Well supposedly there is this epidemic in Durango suddenly of respiratory something-or-other in dogs...and of course the vets are freaking out. They are saying "oh dogs with kennel cough are coming down with it too, and it is turning into pneumonia for some...here is the article:

The Durango Herald 03/19/2011 | &#145;This is a virulent epidemic&#146;

Anyway, I got scolded for having my dogs out with me today. They were in a carrying bag. Sounds awful to have them locked up indefinitely while they quit freaking out about this.


----------



## Yoshismom (Jul 6, 2005)

Oh my! That is really scary! You keep those little one's safe ;-)


----------



## cherper (May 8, 2009)

eww, that is worrisome. I'd keep em locked up girl, they are so tiny its harder to fight stuff off.


----------



## Reese and Miley (Jun 24, 2010)

Yikes!
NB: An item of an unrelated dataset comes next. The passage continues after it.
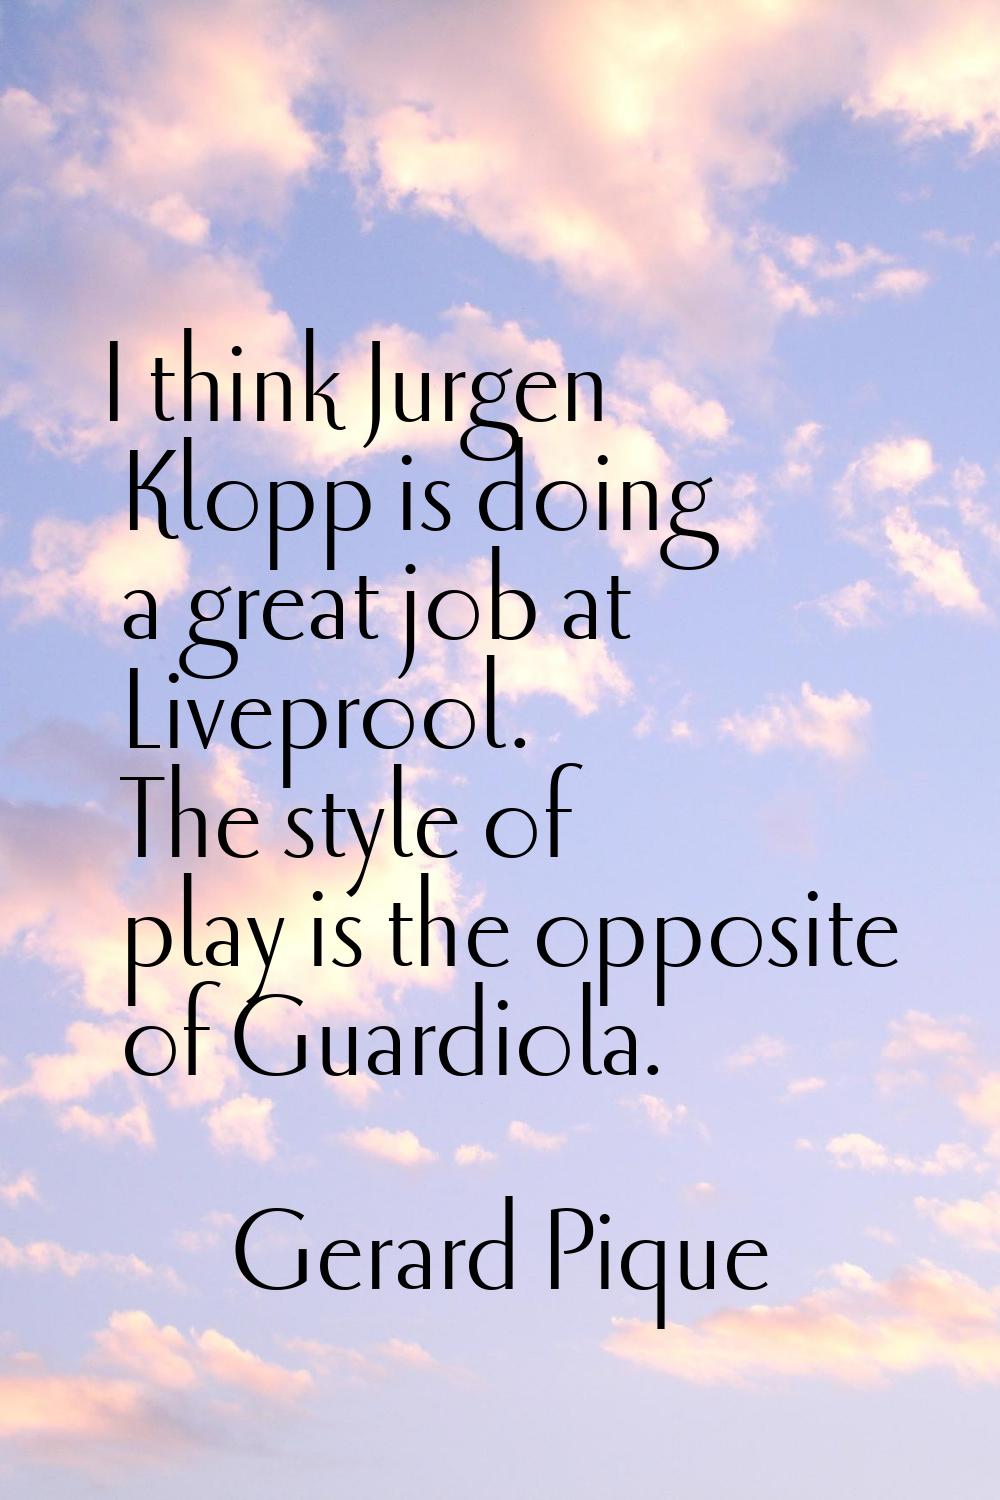 I think Jurgen Klopp is doing a great job at Liveprool. The style of play is the opposite of Guardi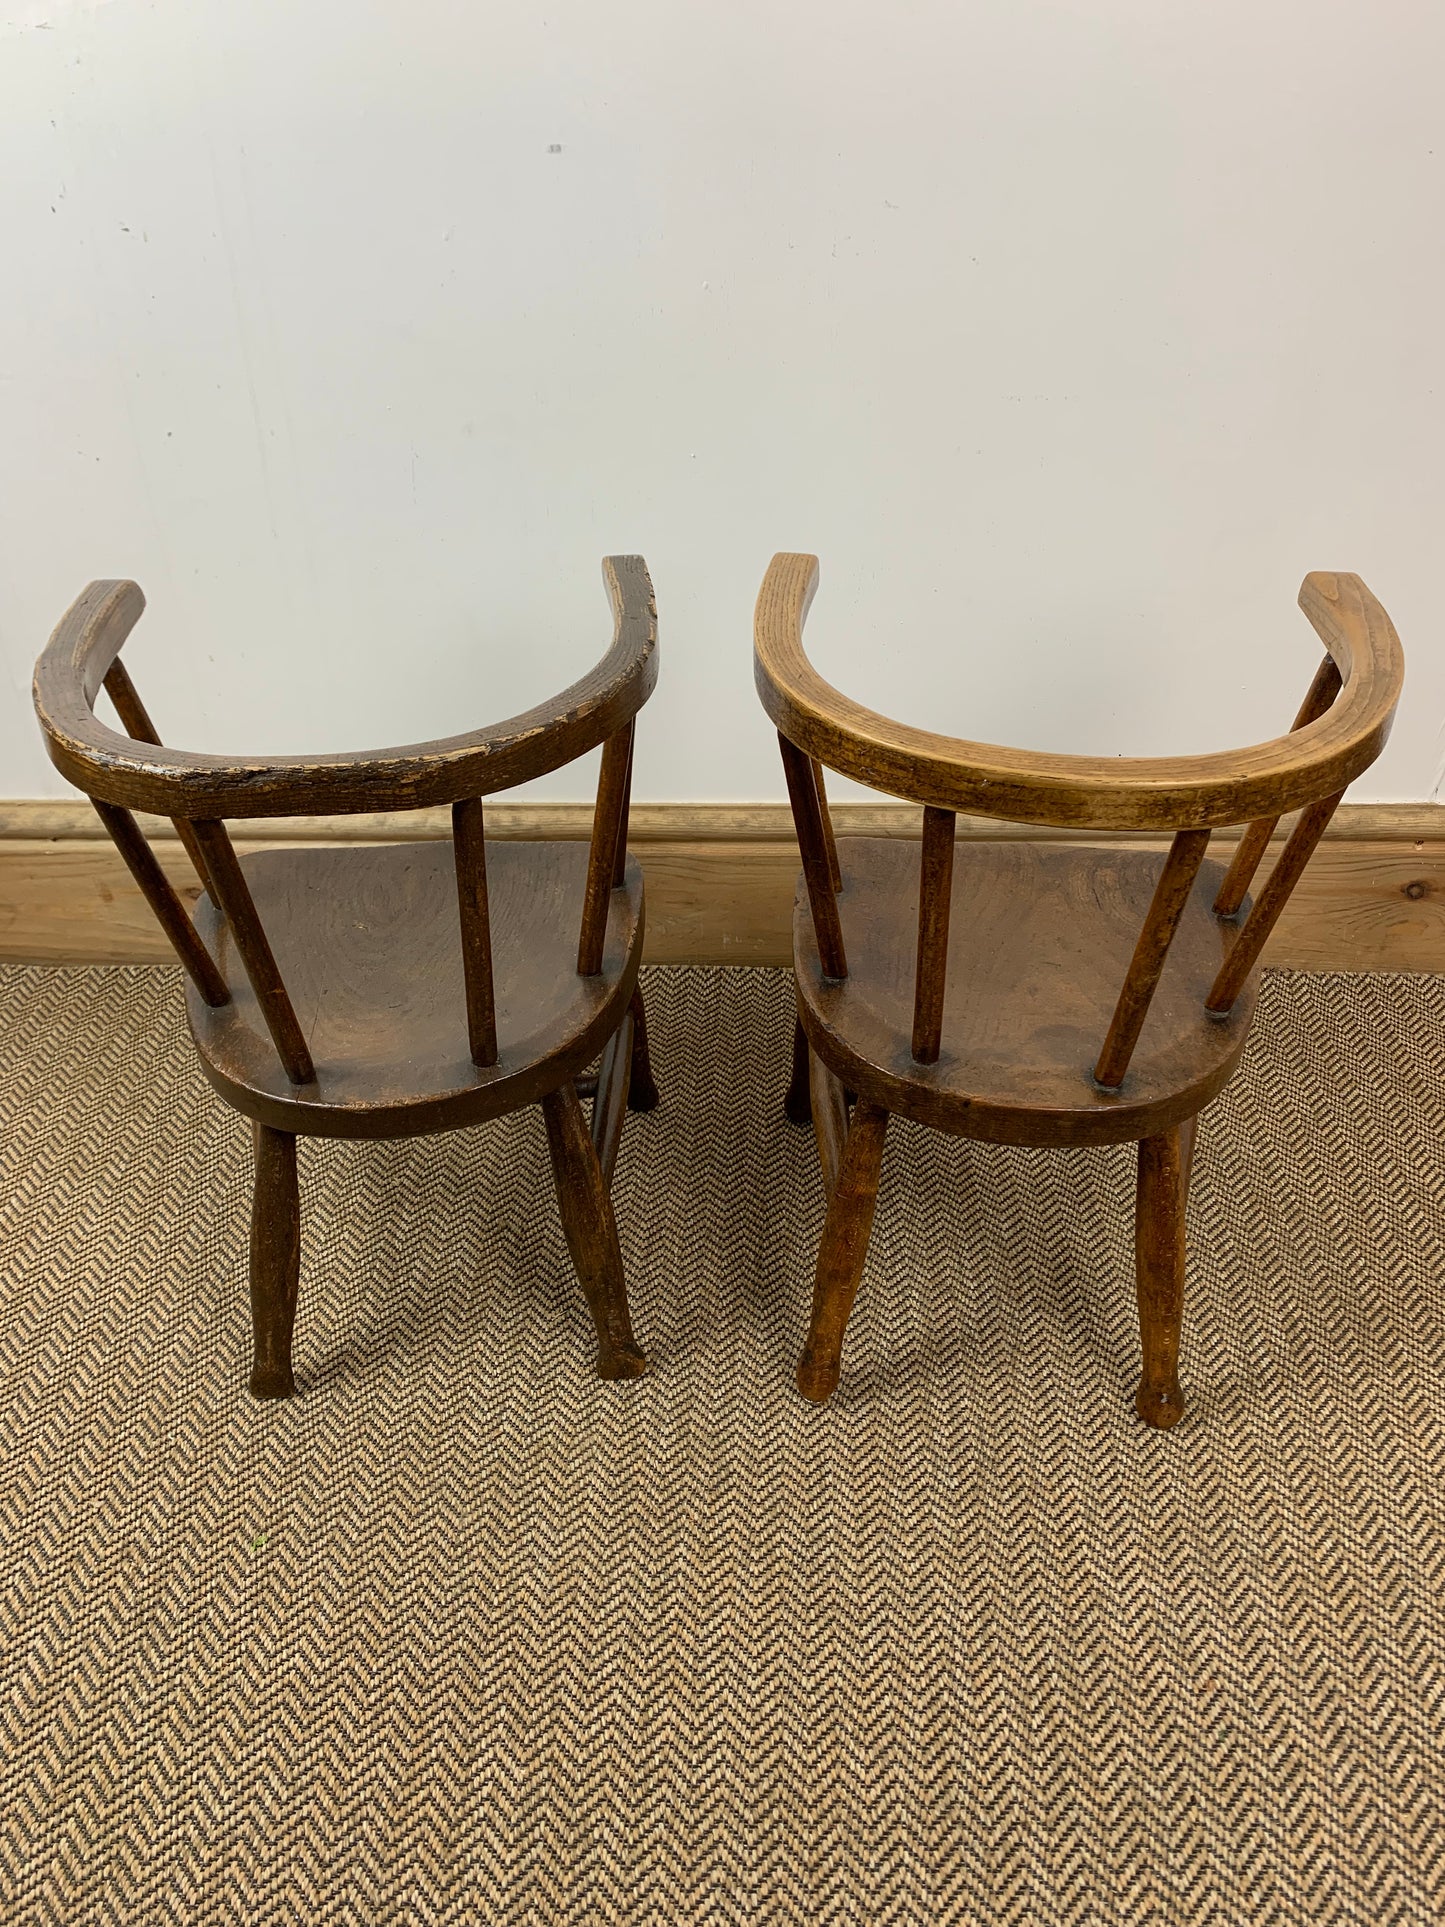 Pair of Edwardian Child's Chairs: Vintage Elegance for Little Ones

That really is kind of scary. I would think as long as they arent mixing with other dogs it would be ok to take them out, but since they dont know what it is who knows how it spreads. Maybe theres some extra fun stuff you can do at home and in your own back yard until its safe for the Green Chis to go out to play  We got one of those Nina Ottosson games from amazon and theyre really cool. So far Reese and Miley have played with it and they both thought it was great!


----------



## KittyD (Apr 2, 2010)

Wasn't CO having higher levels of Fallout or something this week? I don't have the Gov map website handy on the new computer but I thought so, maybe they meant that?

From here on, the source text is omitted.